● Task requirements
With images removed, return the whole listing exactly as written.

● Data below
* * * *
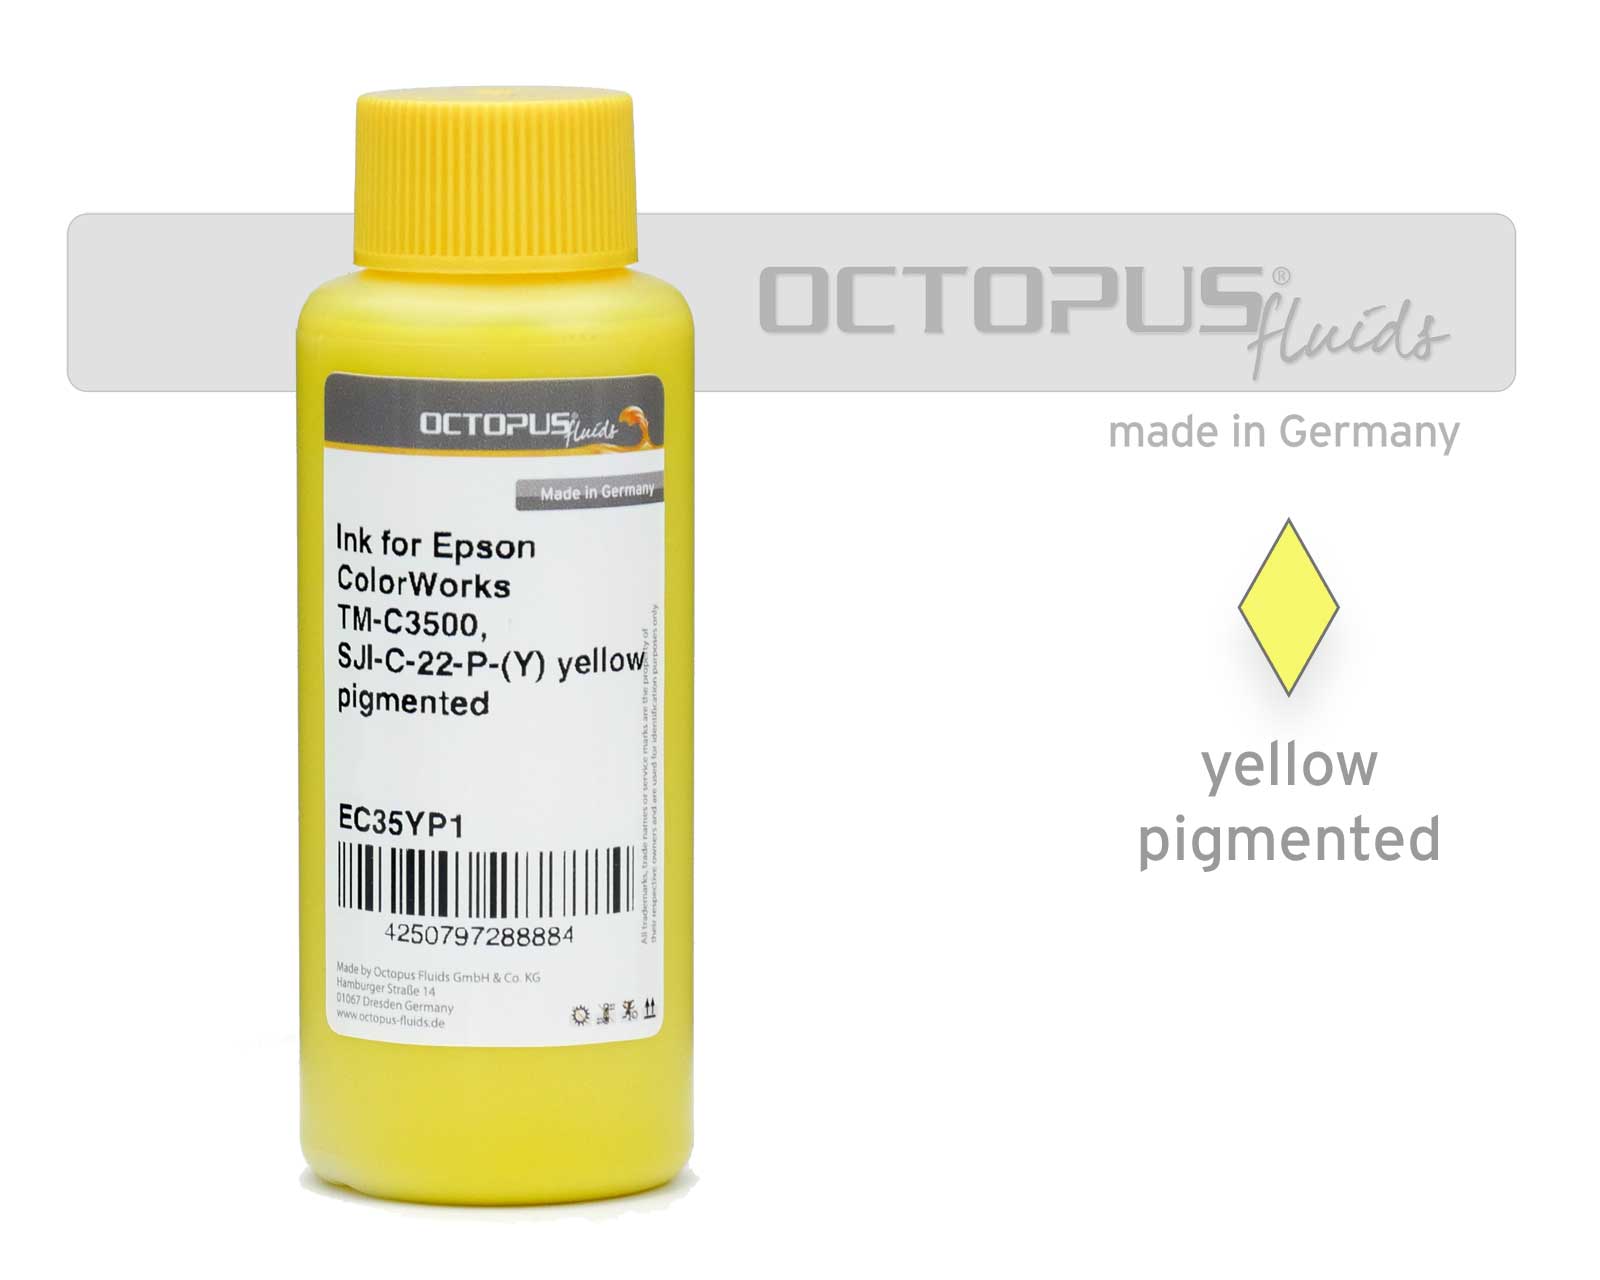 Druckertinte für Epson ColorWorks TM-C3500, SJI-C-22-P-(Y) gelb
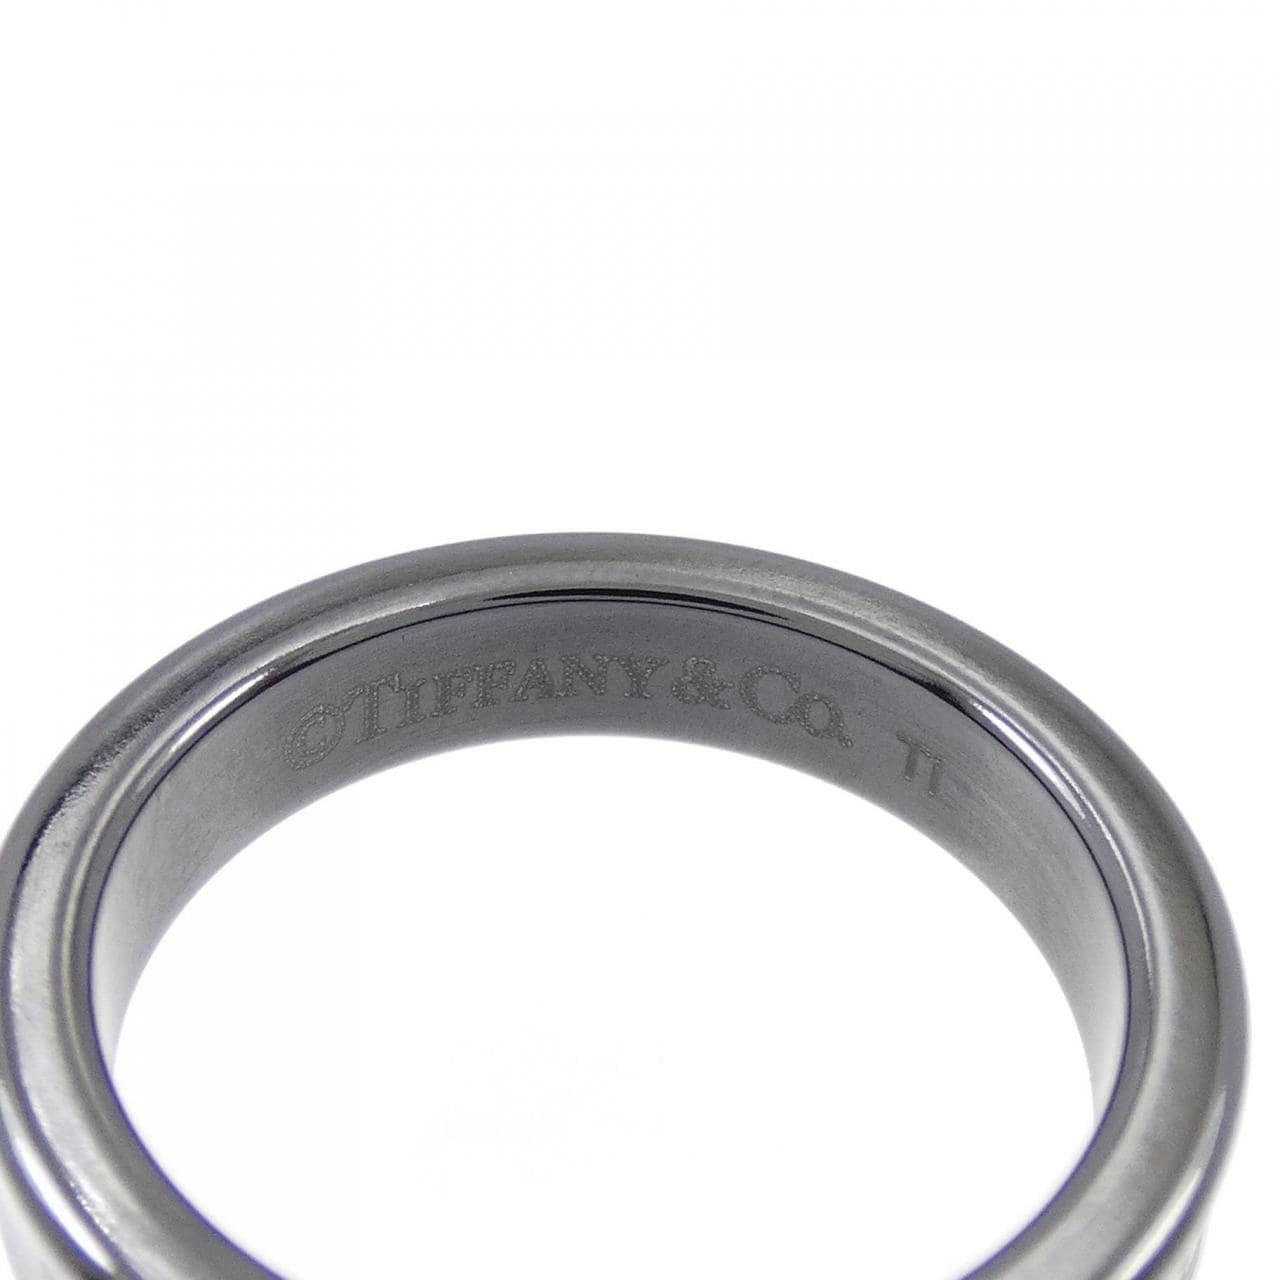 TIFFANY 1837 narrow ring
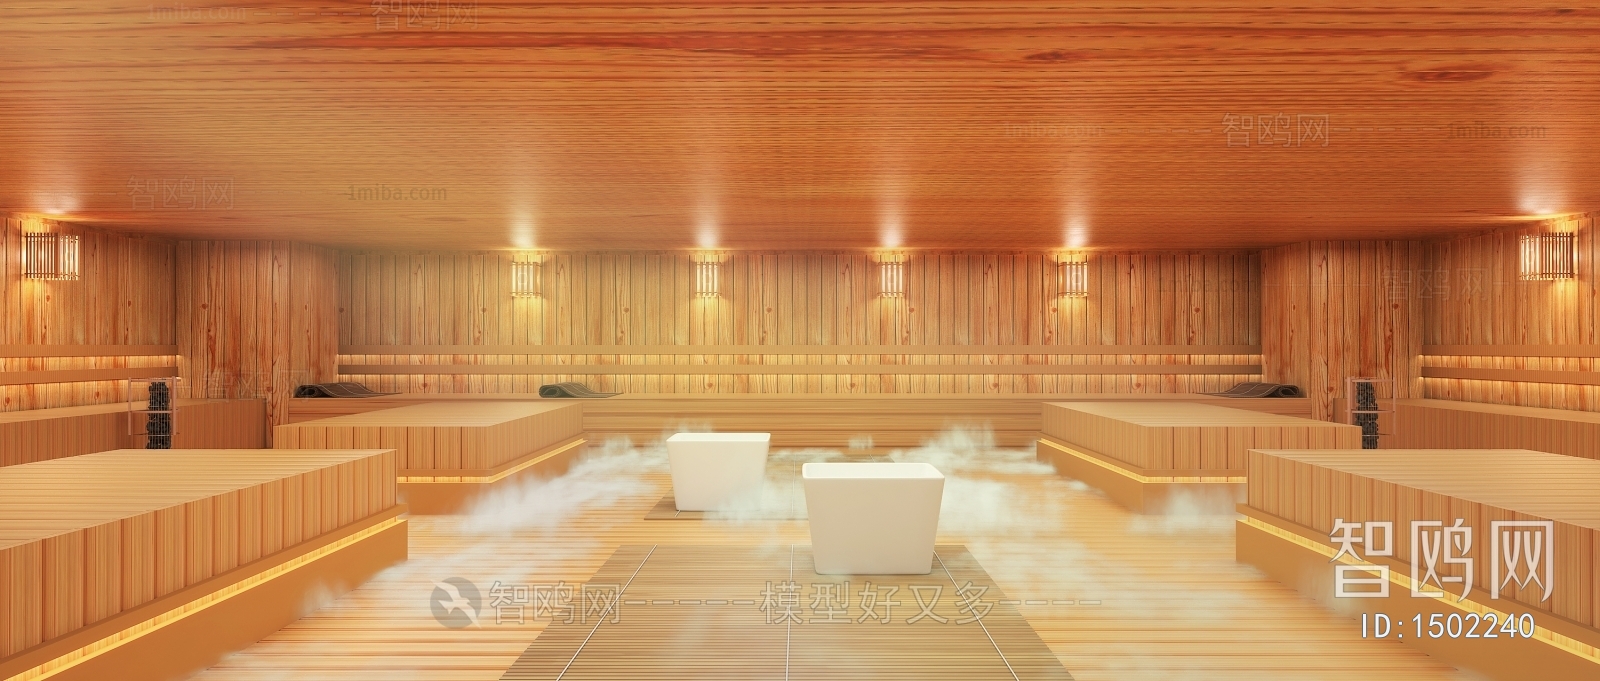 现代洗浴中心
* * * *
● Result below
 Druckertinte für Epson ColorWorks TM-C3500, SJI-C-22-P-(Y) gelb
 TIFFANY 1837 narrow ring
 现代洗浴中心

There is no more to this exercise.